I’ve been with you a little over a day. It’s longer than I’ve ever been with any woman, ever. I’m 26. Spent half of that in prison, or on the run. Not much time for this sort of thing. There’s always whorehouses, but that’s hardly the same thing, is it. I never cared much before, once the need was gone, and now, for the life of me, all I want to do is make you happy.
Your nerves are still jangled, though you hide it well. I hate myself for feeling I have any measure of control over you, even for a short time, but I can’t help a lifetime of looking for an edge.
I try to cool down, I don’t want to rush. I kiss your throat, unbutton your blouse. Your hands move to my chest. If you touch me, I’ll never be able to hold it together. Hold your wrists, as I lay you back. You could stop me, make me let you go, if you wanted to, but you don’t.
I lay beside you, unhook your bra at the front. I’m far more gentle this time, I swore I wouldn’t hurt you again, and I meant it.
Your soft skin erupts in gooseflesh, as I kiss your breasts. Slide my hand over your thigh, cup your mound, gentle pressure. I push back, as your hips arch under my hand, a small circle over your clitoris.
Your skirt slides over your hips, your panties stick, wet. I slide down between your knees to free them, kiss the hollow of your hips.
The scent of musk is deeper as I kiss between your thighs. You open like a pink flower, your clitoris stiffens under my tongue. Rest my head on your thigh to try to settle myself, I can’t play with you much longer.
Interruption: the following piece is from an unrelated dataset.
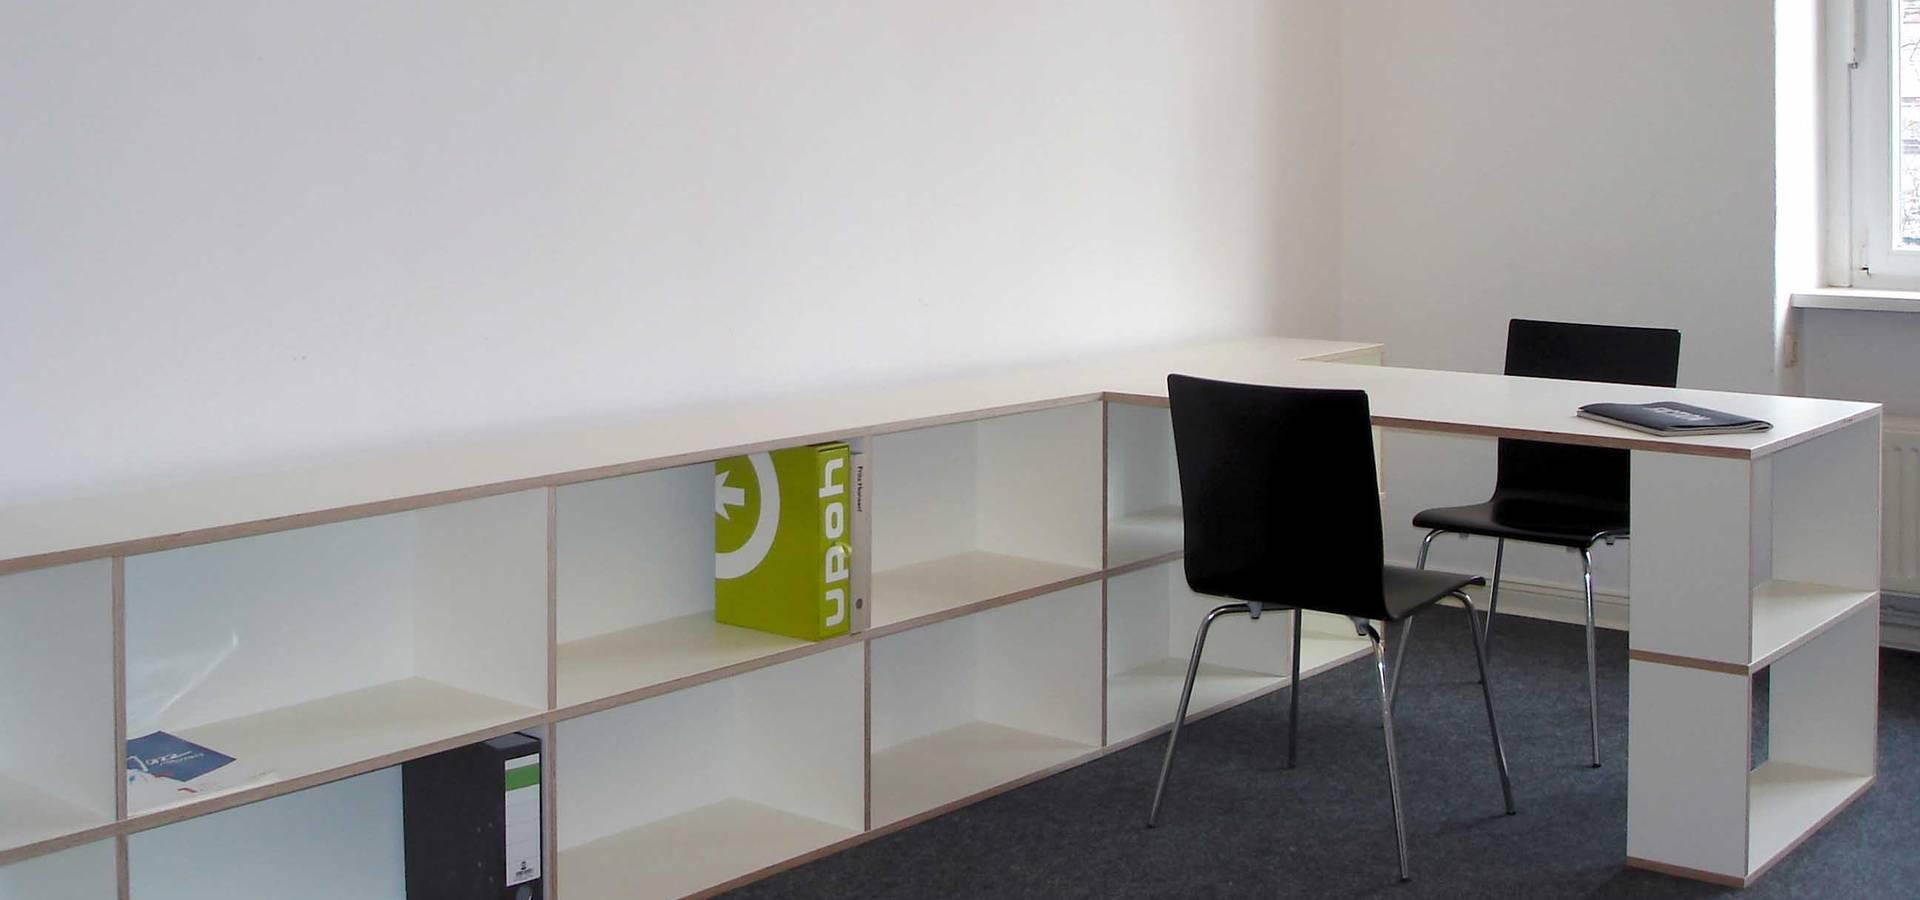 pirouette m belsysteme designer in schwerin homify. Black Bedroom Furniture Sets. Home Design Ideas

I undress quickly ,keeping a hand on your thigh, so you won’t move to help me. If you touch me, I’ll never last.
I wait over you, close enough to just touch, holding your wrists, until you arch up, and take me in. I fight the urge to be rough with you, let you set the pace.
Your breath quickens, your eyes close, I kiss the arch in your neck, your moan is driving me crazy.
I make lists in my head, places I’ve been, people I’ve known, anything I can think of, to try to keep calm, I need this to last.
Lift up just enough to slide my thumb over your clitoris, just enough pressure to make you gasp. Every stroke now, even more intense. Your back arches up to me. You’re so close. Your moans have turned into animal cries, and I have to fight harder not to let go, not yet.
You’re getting hard to hold, as your body slicks in sweat, a line of heat from your throat to your belly.
Your cries, more insistent, turn to screams, you turn your head to bite the pillow.
It’s more than I can bear, and I pull the pillow away.
“scream for me”
My belly and thighs are soaked, as you let go, a wild animal, underneath me. A deep flutter, as you contract with the force of your orgasm, and I let go, finally, almost blacking out.
You continue to tremble, as I sit up, holding you in my arms.
It was a mistake to plan for a longer route, I’ll never survive it. I’ve never felt like this for anyone before.I don’t want to think what that means, don’t want to admit it to myself. I don’t want to think anymore.